I went to my Radio Shack store and found a universal DC power supply that gives a variable output voltage from about 3 to 12 volts DC. It is operating my little 40 mm dia fan now and will operate the three inch dia fan I put into this hood. I just cut the output wires from the power supply and splice them to the fan leads, waiting to see if I have the fan running in the right direction before taping the connections. The idea works great because you can slow down the fan a bit to reduce the noise.


----------



## frozenoak (Jul 30, 2005)

Thanks, I will look into that.

dale


----------



## hoppycalif (Apr 7, 2005)

Someone emailed me for a plan for this, so I whipped up a quick sketch:


----------



## hoppycalif (Apr 7, 2005)

Yesterday I applied the wood finish, after staining the hood with "golden pecan" which almost matches the fake wood of the tank and stand. I used glossy polyurethane, 3 coats inside and out. Here is the finished product:






























For some of the inside details:
























The next and last step is to install the AHS light kits from my other hood, and wire up the fan. That will probably be done the day before the switch of the tanks.


----------



## bpimm (Jun 12, 2006)

That is one nice looking package, Nice job.


----------



## stevenhii (Mar 9, 2005)

Better than original tank cover, hope to see latest update.

Did you DIY the light set in this cover as well?


----------



## hoppycalif (Apr 7, 2005)

The lights are the AH Supply 36 watt light kits - 2 of them. They overlap in the middle quite a bit, so the tank is a bit brighter in the middle than the ends, and since the lights are in the back half of the hood, the light at the back is brighter than in front. But it still works very well.


----------



## essabee (Oct 11, 2006)

Greetings Hoppy and congrats for a great work.

How did you manage to make the fan hole so well? Mine never comes out well. I mark the circle and then make numerous small holes, join them to make the hole, then use a rasp; but it never so neat. Please let me know the secret.

I am presently making the top for my new 135G. I have aquired a 4" AC fan for it. The smaller hoods have those retrieved PC fans, powered by 12V DC supplies, I adjust the zenner output to make them silent.


----------



## hoppycalif (Apr 7, 2005)

essabee said:


> Greetings Hoppy and congrats for a great work.
> 
> How did you manage to make the fan hole so well? Mine never comes out well. I mark the circle and then make numerous small holes, join them to make the hole, then use a rasp; but it never so neat. Please let me know the secret.
> 
> I am presently making the top for my new 135G. I have aquired a 4" AC fan for it. The smaller hoods have those retrieved PC fans, powered by 12V DC supplies, I adjust the zenner output to make them silent.

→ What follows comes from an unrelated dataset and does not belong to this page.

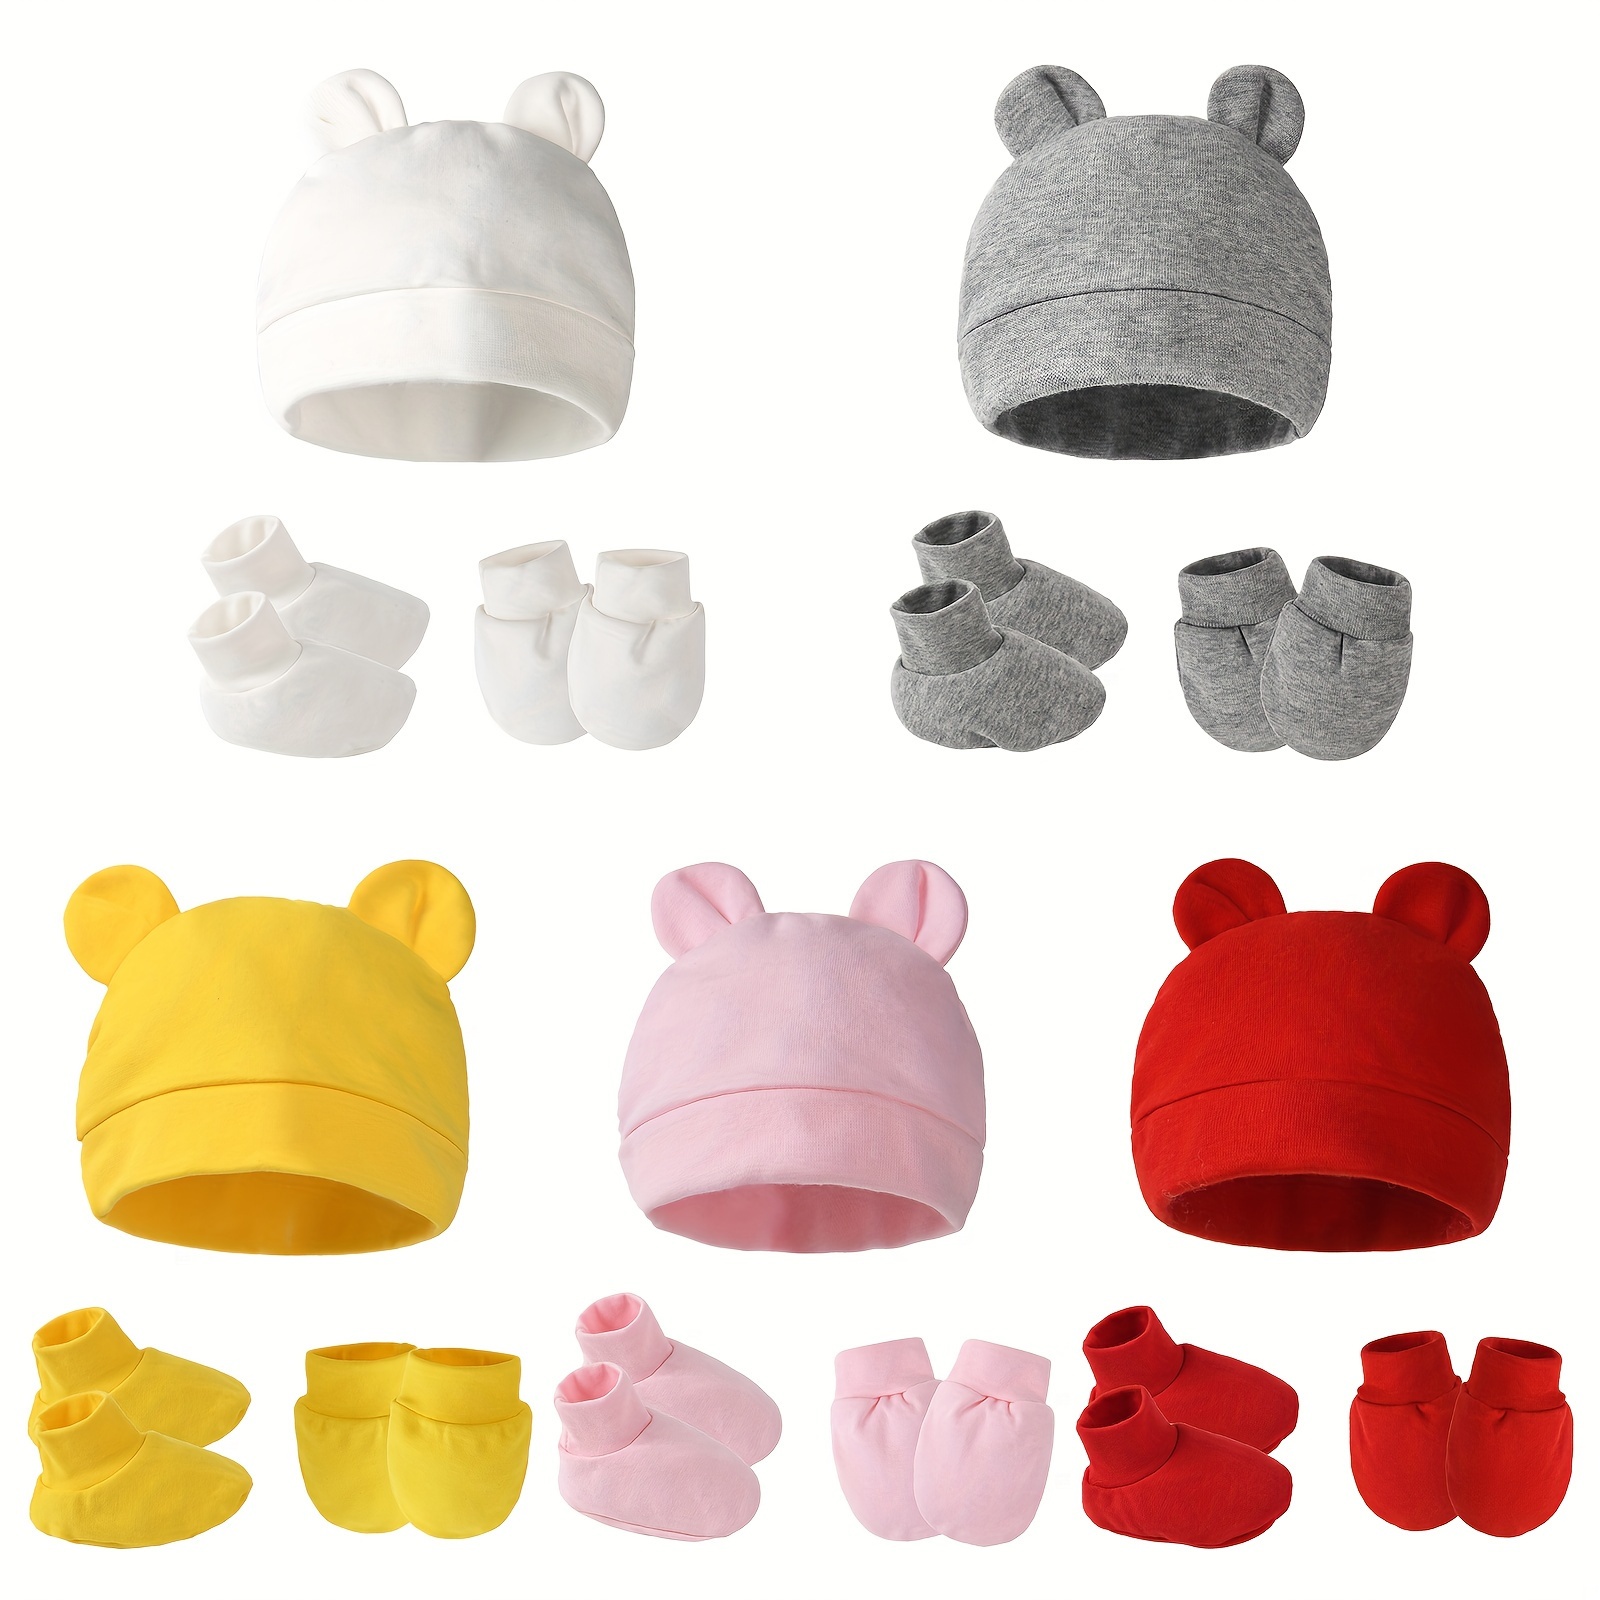 

3pcs Baby Soft Cozy Cotton Accessory Set - Cute Cartoon Animal Ears Beanie Hat, Matching Mittens & Anti-slip Socks For Newborns Aged 0-3 Months, Perfect Gift For Boys Girls

I used a hole saw to cut the fan hole. That made a nice round smooth hole, but then when I used a router with a round over bit to put a corner radius on the top of the hood I messed up and butchered part of the fan hole, because the guide bearing for the radius bit didn't contact wood as the bit went past the hole, so it chewed our a large chunk of wood. I "fixed" this with some sanding, and convinced myself I did it on purpose to improve the air flow thru the fan. When I make a mistake I am very skilled at convincing myself I did it for a purpose!


----------



## essabee (Oct 11, 2006)

'hole saw'??? Do you mean a jig-saw, one with very thin blades for cutting designs?


----------



## hoppycalif (Apr 7, 2005)

essabee said:


> 'hole saw'??? Do you mean a jig-saw, one with very thin blades for cutting designs?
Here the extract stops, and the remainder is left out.